Contrary to SolidWorks, Creo is a single, scalable suite of integrated solutions with powerful direct and parametric modeling. As a single source of truth, Creo allows you to design without compromise, regardless of complexity, and achieve full associativity and automatic change propagation. These capabilities open up the opportunity to work on complex models without any interruptions.

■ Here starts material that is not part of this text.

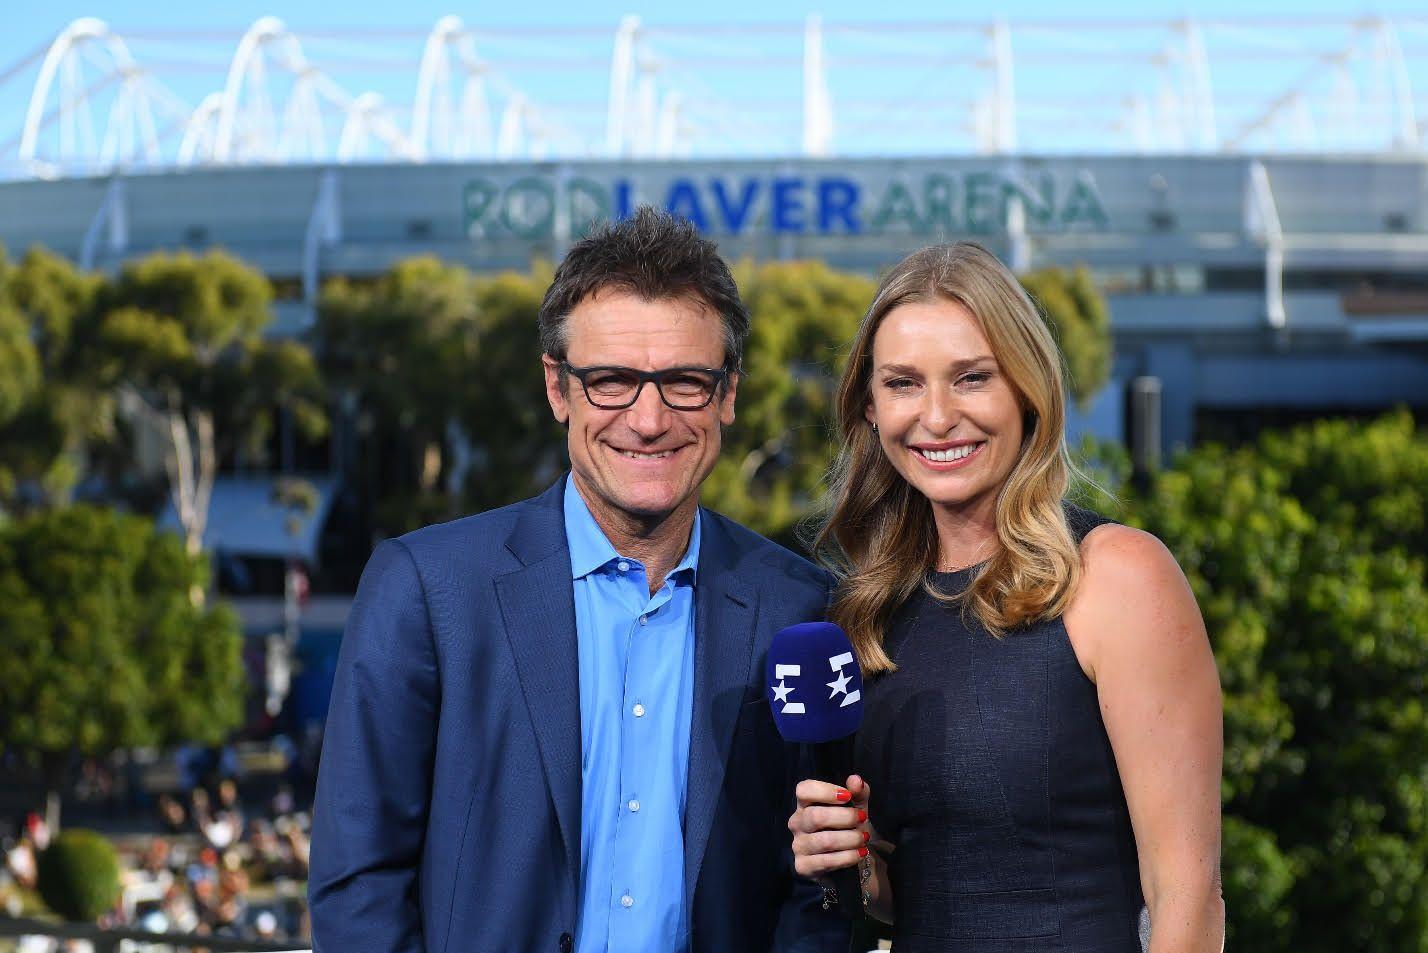 volti internazionali di Discovery, Mats Wilander e Barbara Schett, dallo studio Eurosport di Melbourne, Australian Open

4. Late-Stage Design Changes
There’s nothing more frustrating than getting to the end of your design iteration and realizing that you missed something along the way to finish the model. SolidWorks software makes it difficult to make late-stage design changes to complex geometry which often results in having to rework and fix the model geometry. Performance and productivity are impacted by late-design changes that require a recognition of the entire model geometry and all its features. When designers try to move parts and surfaces, these changes could require rebuilding or an import/export of CAD data. This makes it difficult to make changes to dimensions and pattern features, copy geometry, and move complex surfaces. When you can’t easily make late-stage design changes there is a disruption in the workflow – time and money are lost.
PTC Creo helps companies save money by delivering powerful capabilities for late-stage design changes. Functionalities like direct copy/paste geometry, flexible pattern tools, round editing, and the ability to follow geometry upon move are all ways that designers can keep production moving. When designers can move complex geometry and Flexible Modeling intelligently adapts geometry to the given use case, they can be confident in making late-stage design changes without disrupting their workflow. Creo saves teams from headaches, time lost, and missed opportunities.
5. Emerging Technologies
As far as new emerging technologies and the development of existing technologies go, SolidWorks lacks a strong initiative to keep up with the changes. While there have been proposed solutions for emerging technologies, SolidWorks focuses on extending the functionality of traditional capabilities rather than architecting a complete, and well-implemented new solution. Furthermore, their solutions are entry-level or non-existent without smooth workflows and are not fully integrated into the CAD environment. The world of technology is constantly changing and keeping up with the times is vital to bringing success to companies around the world.
PTC has unmatched capabilities in the emerging technologies that are shaping the next evolution of product development. New CAD technologies introduced by PTC are deeply integrated with Creo including generative design, simulation-driven design, augmented reality, smart connected products, and additive manufacturing. By creating compatible integrations for new, emerging technologies, PTC can stay ahead of the game with its CAD software.
From the design concept to late-stage changes, offering the best and newest capabilities is vital to the growth and success of every company. Between SolidWorks and Creo, the functionalities speak for themselves. Offering a wide expanse of tools, PTC Creo will help your designers save themselves from frustrations, shorten the design process, and increase profits year over year.